I came up with this after watching a science fiction film, which shall remain nameless due to spoilers, where the protagonist is briefly in a similar situation to the scenario at the end. I'm not sure how original it is, but I certainly don't recall seeing anything like it before.
Imagine, for simplicity, a purely selfish agent. Call it Alice. Alice is an expected utility maximizer, and she gains utility from eating cakes. Omega appears and offers her a deal - they will flip a fair coin, and give Alice three cakes if it comes up heads. If it comes up tails, they will take one cake away her stockpile. Alice runs the numbers, determines that the expected utility is positive, and accepts the deal. Just another day in the life of a perfectly truthful superintelligence offering inexplicable choices.
The next day, Omega returns. This time, they offer a slightly different deal - instead of flipping a coin, they will perfectly simulate Alice once. This copy will live out her life just as she would have done in reality - except that she will be given three cakes. The original Alice, however, receives nothing. She reasons that this is equivalent to the last deal, and accepts.

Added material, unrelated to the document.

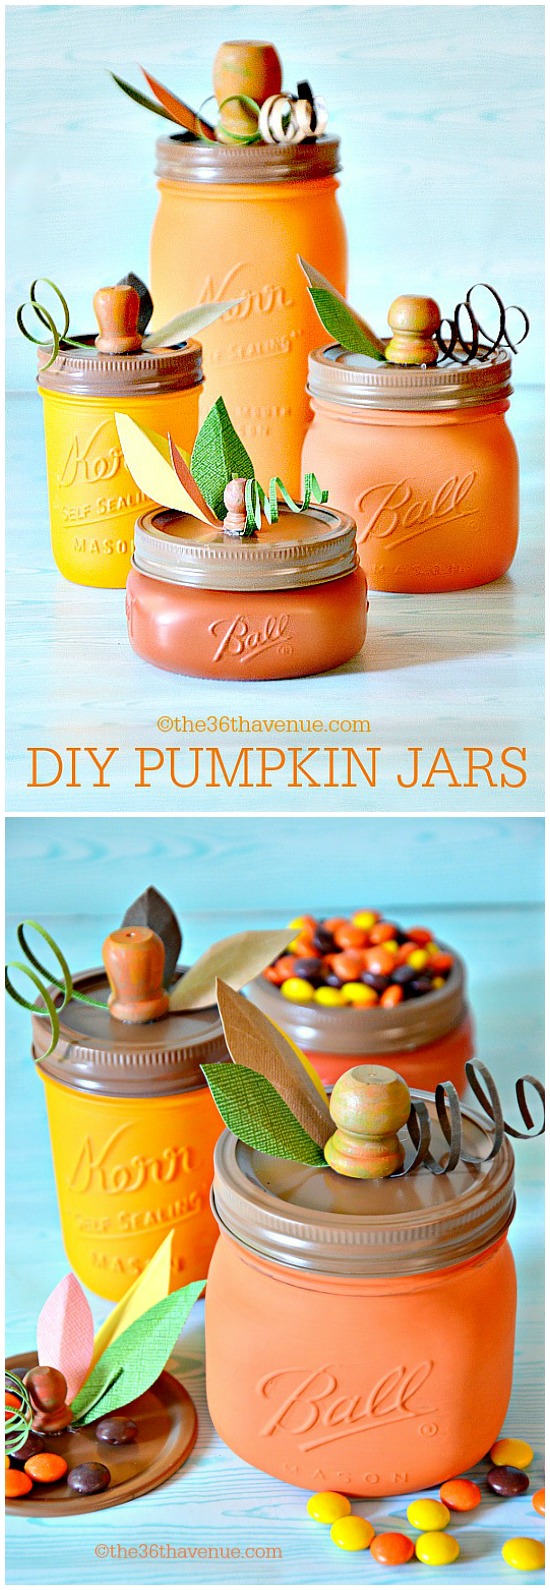 https://www.the36thavenue.com/wp-content/uploads/2014/08/DIY-Pumpkin-Jars-800.jpg

(If you disagree, consider the time between Omega starting the simulation and providing the cake. What subjective odds should she give for receiving cake?)
Imagine a second agent, Bob, who gets utility from Alice getting utility. One day, Omega show up and offers to flip a fair coin. If it comes up heads, they will give Alice - who knows nothing of this - three cakes. If it comes up tails, they will take one cake from her stockpile. He reasons as Alice did an accepts.
Guess what? The next day, Omega returns, offering to simulate Alice and give her you-know-what (hint: it's cakes.) Bob reasons just as Alice did in the second paragraph there and accepts the bargain.
Humans value each other's utility. Most notably, we value our lives, and we value each other not being tortured. If we simulate someone a billion times, and switch off one simulation, this is equivalent to risking their life at odds of 1:1,000,000,000. If we simulate someone and torture one of the simulations, this is equivalent to risking a one-in-a-billion chance of them being tortured. Such risks are often acceptable, if enough utility is gained by success. We often risk our own lives at worse odds.
If we simulate an entire society a trillion times, or 3^^^^^^3 times, or some similarly vast number, and then simulate something horrific - an individual's private harem or torture chamber or hunting ground - then the people in this simulation *are not real*. Their needs and desires are worth, not nothing, but far less then the merest whims of those who are Really Real. They are, in effect, zombies - not quite p-zombies, since they are conscious, but e-zombies - reasoning, intelligent beings that can talk and scream and beg for mercy but *do not matter*.
My mind rebels at the notion that such a thing might exist, even in theory, and yet ... if it were a similarly tiny *chance*, for similar reward, I would shut up and multiply and take it. This could be simply scope insensitivity, or some instinctual dislike of tribe members declaring themselves superior.
Well, there it is! The weirdest of Weirdtopias, I should think. Have I missed some obvious flaw? Have I made some sort of technical error? This is a draft, so criticisms will likely be encorporated into the final product (if indeed someone doesn't disprove it entirely.)